I thought I had a good grasp on this concept. I thought I really understood it.

I had no idea.

Comments (9)

  1. Jason J

    Man that is so tough. I really feel for your loss. I’ve lost my mom, mother-in-law and all of my grandparents, so I know what you’re saying about meaningless possessions. Its so weird to empty out your grandparents house and haul off 80 years worth of accumulation to either the dump or goodwill..

    I will keep you in my prayers because the worst part of the grief usually starts after all the business is done up until 6 months and afterward.

  2. ST

    thanks for sharing this somasoul. for those of us with our closest relatives still alive and lots of time (hopefully) ahead of us, it is a good reminder to LIVE life to the fullest rather than collect a lot of things.

    the other thing i’d recommend to all of us is to write a living will, figure out where your stuff/money can be donated and to design your funeral. i designed mine, and it was a intriguing experience. every once in a while i pull the document up again and tweak it a bit. i think that doing that can help the family out too…but not necessarily.

    anyway, thanks for sharing your thoughts and emotions.

  3. tim

    I feel for you. That’s devastating. Thanks for putting your experience into words, into a story.

  4. SteveK

    Thanks for writing this, Somasoul. It’s powerful. I’ll share it with others.

    Steve

  5. TimN

    Thanks Somasoul, this is a really moving piece. I appreciate your openness and clear sightedness. It’s a very good reminder of what really matters.

  6. Amy

    It’s times like this when Ecclesiasties makes the most sense. And thank God for the “meaningless” passage–it gives me hope that though the writer felt like everything we meaningless, God was in there somewhere.

    For what it’s worth, this is the same book that gave us “for everything there is a season”.

    Prayers for you and you sludge through an apartment full of shit and a lifetime of memories (not to mention your own grief process)

  7. somasoul

    Hey guys, thanks for your kind words.

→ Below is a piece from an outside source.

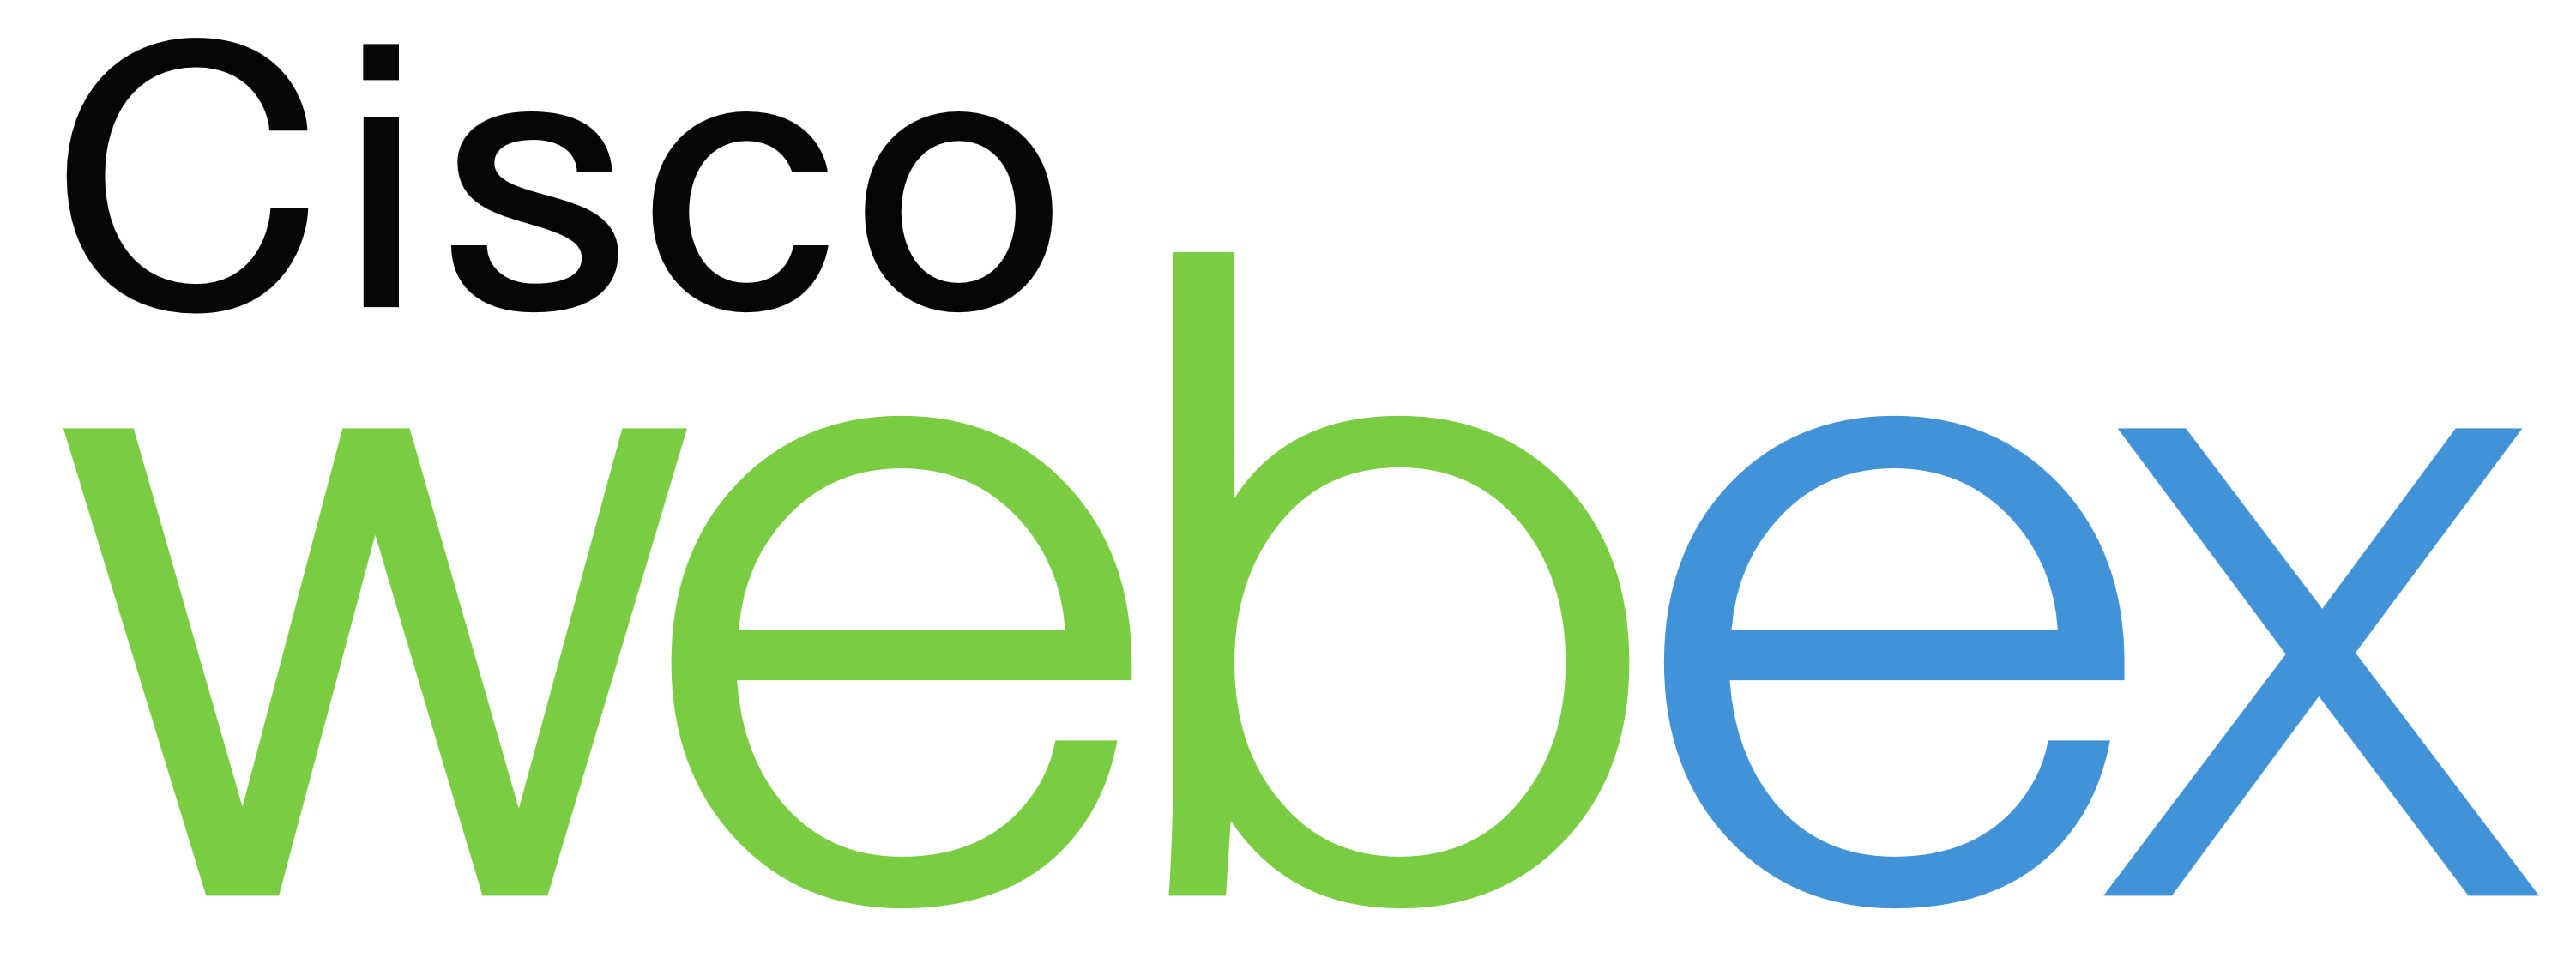 Cisco WebEx Logo - Cisco WebEx – Logos Download

    I finished clearing out the apartment today. It was weird to see it all empty knowing all that stuff was in a dumpster or given to a charity or divided up between family members.

    Our society, maybe all societies, really herald consumption as the way to live. We want better clothes, nicer cars, stylish hair. We are sold on products everyday, everywhere. None of those things really make life much better, do they?

  8. DSeifert

    I tend to think that it is wise to have some level of cynicism, doubt, and reflection on the meaningless as modeled in Ecclesiastes. The use of doubt (what I name as “gentle cynicism”) is an effort to do the serious business of “living” that shoots through relativism, materialism, and nihilism in an effort to sustain the transformative process that is fed on intuition and imagination and thus generating once in awhile significant leaps of illumination.

    Feel free to converse with me at http://gentlecynic.blogspot.com

    DJS

  9. Lenny

    Thank you for telling your story. I love the book THE WORLD LAST NIGHT AND OTHER ESSAYS BY C.S. Lewis. The next time you are in the book store read the chapter Good Work and Good Works. It speaks to the blind materialism that has hijacked our society. I am 41 and have 6 children all under 12. When my first son was born I decided that my wife and family were more important than that starter home, retirement savings and rest of middle class America. Its not been easy: The polite disdain we get from family and people in the church over our decision to do it this way has been overwhelming. We know that the memories we are depositing in their hearts and minds will take them further than material goods ever will.